Recent improvements on Genomic data sharing efforts have led researchers and clinicians gaining access and make comparisons across data from millions of individuals. Such development made it easier for genetic variant interpretation and in some cases treatment of rare diseases such as some special cancer types [1]. Most of the big organisations i.e., Broad institute in the U.S., BGI in china, Wellcome Trust Sanger in the UK etc. have an interest of making DNA data easier to access in order for their researchers to treat patients one on one. However, after twelve years of completion Human Genome project, the tremendous growth of genomic data has exceeded the containers build to hold such data. Genomic and clinical data are generally still collected in either by disease, institution or by country. More importantly, current data sharing privacy requirements do not necessarily protect individuals identity within and across institutions and countries. Furthermore, data often stored in incompatible file format and there are no standardized tools and analytical methods are in place [1–3].
With such tremendous needs for global genomic and clinical data repository system, Global Alliance for Genomic and Health (GA4GH) has created a federated data ecosystems called Beacon data network, a way for searching genomic data as simple as World Wide Web. Since the project’s launch in the middle of 2015, the beacon network has currently 23 different organizations covering over 250 genomic datasets. The data sets served through beacons can be queried individually or in aggregate via the Beacon Network, a federated search engine (http://www.beacon-network.org) [1]. Thus, the Beacon Project aims to simplify data sharing through a web service (beacon) that provides only allele-presence information. Users can query institutional beacons for information about genomic data available at the institution. For example, an individual could ask the beacon web server about a genome that has a specific nucleotide and the beacon would response either yes or no [4]. By providing only allele-presence information, beacons were assumed safe from attacks that require allele frequencies.
Although the beacon network has set up to share data and protect patient privacy simultaneously, it could potentially leak phenotype and membership information of an individual [4]. There is currently no cap on the number of queries a user can make in the Beacon database. Recently, Shringarpure and Bustamante showed that anonymous patients whose DNA data is shared via beacon network can be re-identified [5]. If an attacker has access to victims DNA, s/he can query different beacons to see whether the victim is in the dataset. They further demonstrated that it is possible to infer whether or not the victim is affected by a certain condition or disease [5]. Therefore, the anonymous beacons are inherently insecure and are open to re-identification attacks. For brevity, we will denote the attack as Bustamante Attack through the rest of the paper.
Very recently, some solutions [6, 7] have been proposed based on different policies around the access of the beacon service.

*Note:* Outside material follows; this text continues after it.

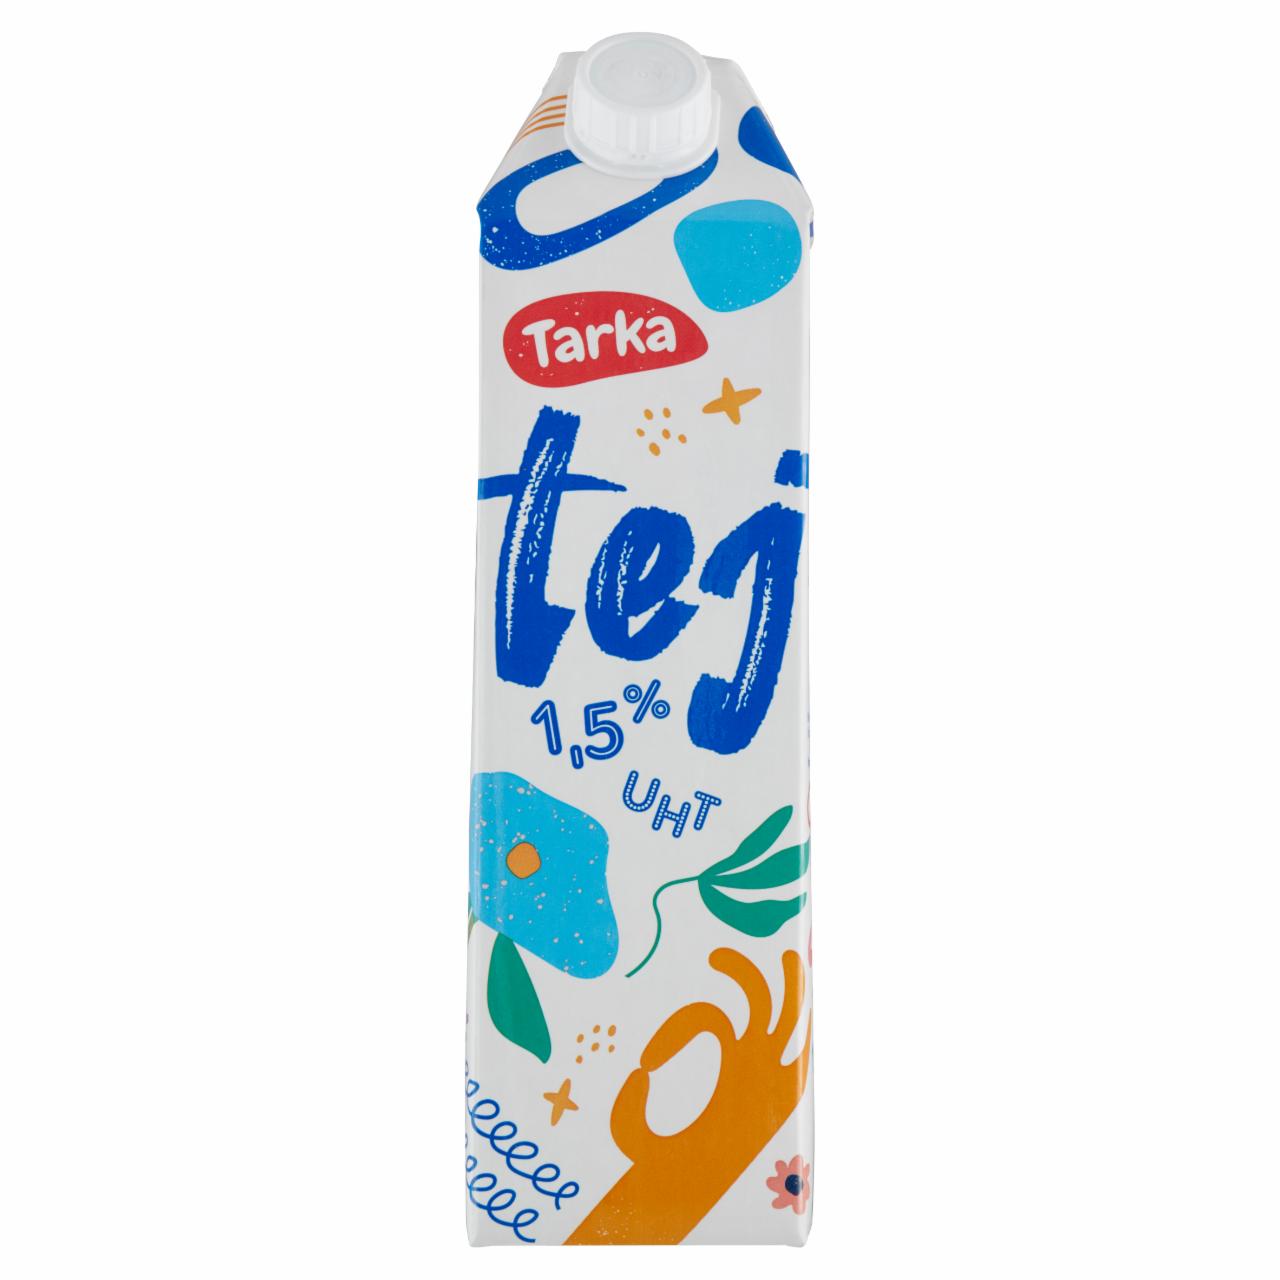 Képek - Tarka UHT zsírszegény tej 1,5% 1 l

However, these solutions will disrupt the quintessential feature of the proposed beacon service: that is to provide faster access to genomic data and to give open access to the research community. Different access controls are highly necessary for human genomic data access where phenotype or sensitive information about the disease is disclosed. However, the beacon service only provides us aggregate results of yes or no leading the researcher to a decision regarding the dataset’s relatedness to his or her research. Therefore, we propose two solutions based on privacy-preserving techniques, which fit well with the beacon service and mitigate the possibility of identifying an individual from the dataset.

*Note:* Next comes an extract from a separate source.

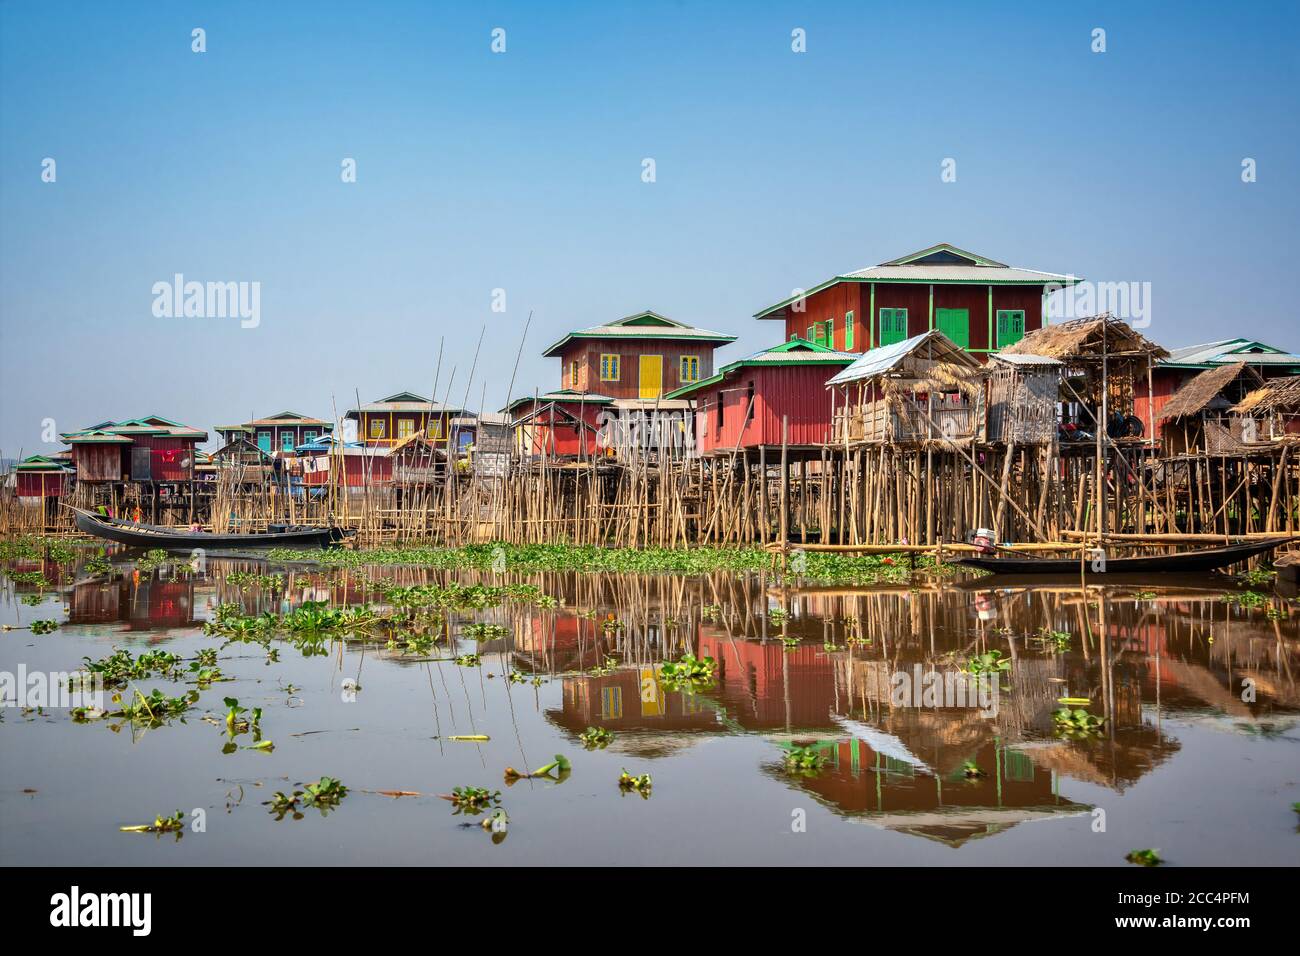 Villaggio galleggiante colorato con case di palafitte sul lago Inle in Birmania, Myanmar Foto Stock

In this article, we explain the ‘Bustamante Attack’ [5] on genomic beacon services and propose two privacy preserving solutions. The contributions of this article can be summarized in two folds: a) understanding the statistical formulations and soundness of the attack, b) analyze lightweight privacy preserving solutions to mitigate the attack. The main contributions of our work are as follows:
-
We present the statistical and the mathematical model of the attack in a simplified form. This helps us to analyze different and more realistic parameters on the original attack framework to exploit some weakness and justify our solutions accordingly.
-
We show the required steps for any data owner to calculate the risk involved in sharing their genomic data in a beacon service.
-
We propose two easy to implement and lightweight privacy preserving solutions which ensure the applicability of the beacon service as well as the privacy of the participants.
-
We provide extensive experiments over synthetic data (according to [5]) to show the privacy-utility evaluation of our proposed methods which will help the development of different privacy preserving techniques on such attack model later on.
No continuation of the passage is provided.